Wir haben Glück. Fast oben angekommen sehen wir ein Schild, auf dem Hotel steht. Jetzt können wir auch das schöne Haus sehen. Modern sieht es aus. Wir halten vor der Eingangstür und steigen aus. Ein Schild an der Eingangstür weist uns darauf hin, dass es sich hier um ein Viersterne-Haus handelt. Na, welch ein Glück sage ich noch zu meiner Tochter, das haben wir uns nach diesem Tag aber verdient.
Der Empfang ist sogar noch besetzt. Eine nette ältere Dame nickt uns freundlich zu. Sie ist uns auf Anhieb sympathisch. Wir haben wieder Glück. Es ist noch ein Zimmer frei, Nummer 24. Sie führt uns gleich hin mit dem Hinweis, dass ihr Mann ja das Gepäck holen kann. Ist uns recht, wir sind beide ziemlich müde von der Fahrt. Das Zimmer ist sehr schön. Eigentlich ist es mehr ein Appartement. Zwei Zimmer mit einem gemeinsamen Bad. Unser Gepäck wird uns gebracht. Meine Tochter legt sich gleich schlafen. Ich liege im Bett und bin noch zu aufgedreht, um gleich einzuschlafen. Ich beschließe, noch einen kleinen Rundgang zu machen. Ich blicke aus dem Fenster und sehen im Mondlicht noch ein weiteres Gebäude. Offenbar war das früher das Hotel und war durch den Neubau, in dem wir uns jetzt befinden, abgelöst worden.

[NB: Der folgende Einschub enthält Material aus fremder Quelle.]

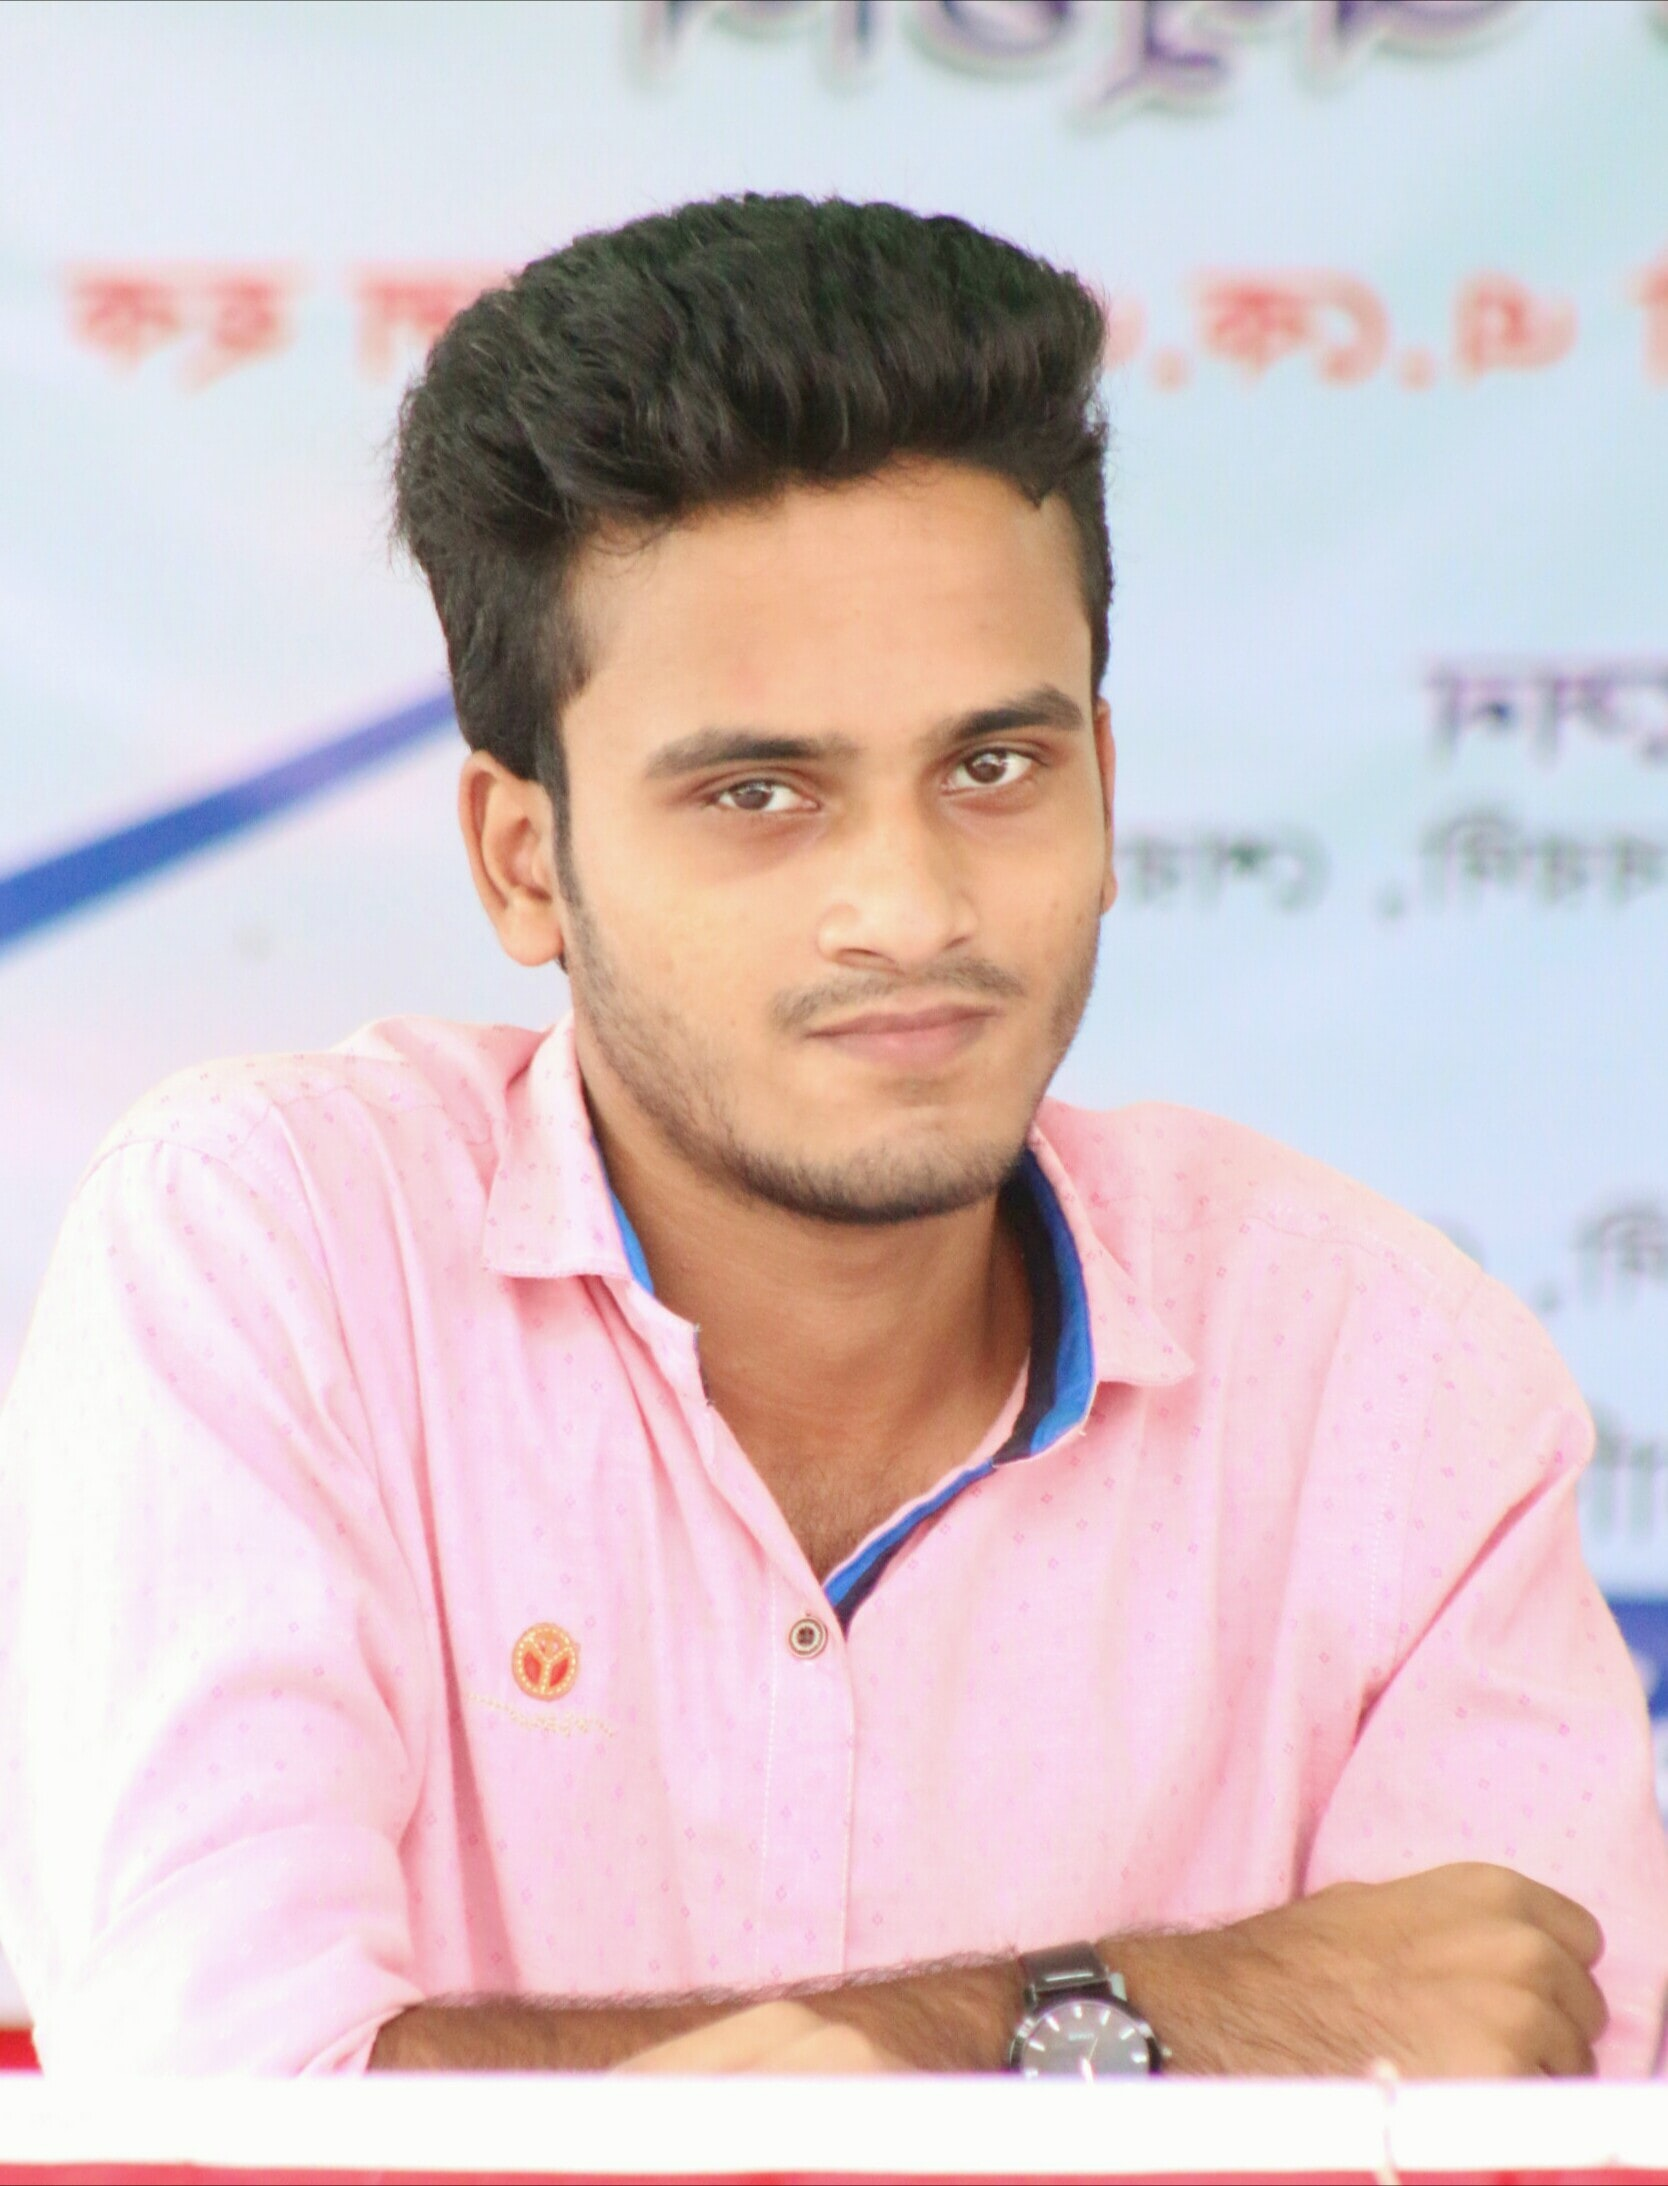 Fahim Hasan

Ich verlasse das Zimmer und gehe nach draußen. Mir fällt ein, dass unser Auto noch vor dem Eingang steht. Ich fahre es weg. Ich fühle, dass ich jetzt wohl einschlafen könnte. Ich gehe die Treppe hoch. Ich öffne die Tür zu unserem Zimmer. Helles Licht blendet mich. Ich denke noch, dass meine Tochter wohl nochmals aufgestanden ist, aber ich sehe andere Personen. Schnell schließe ich wieder die Tür. Ich bin im falschen Zimmer, denke ich. Ich schaue auf die Tür, Nummer 24. Ich bin etwas verunsichert. Vielleicht falsches Stockwerk, aber es gibt nur ein Stockwerk. Ich gehe zur Rezeption. Niemand da. Ich drücke die Klingel, warte. Nichts tut sich. Ich spüre, wie Panik in mir aufsteigt. Ich schaue mich um. Das alte Hotel fällt mir wieder ein. Ich suche nach einem Weg dorthin.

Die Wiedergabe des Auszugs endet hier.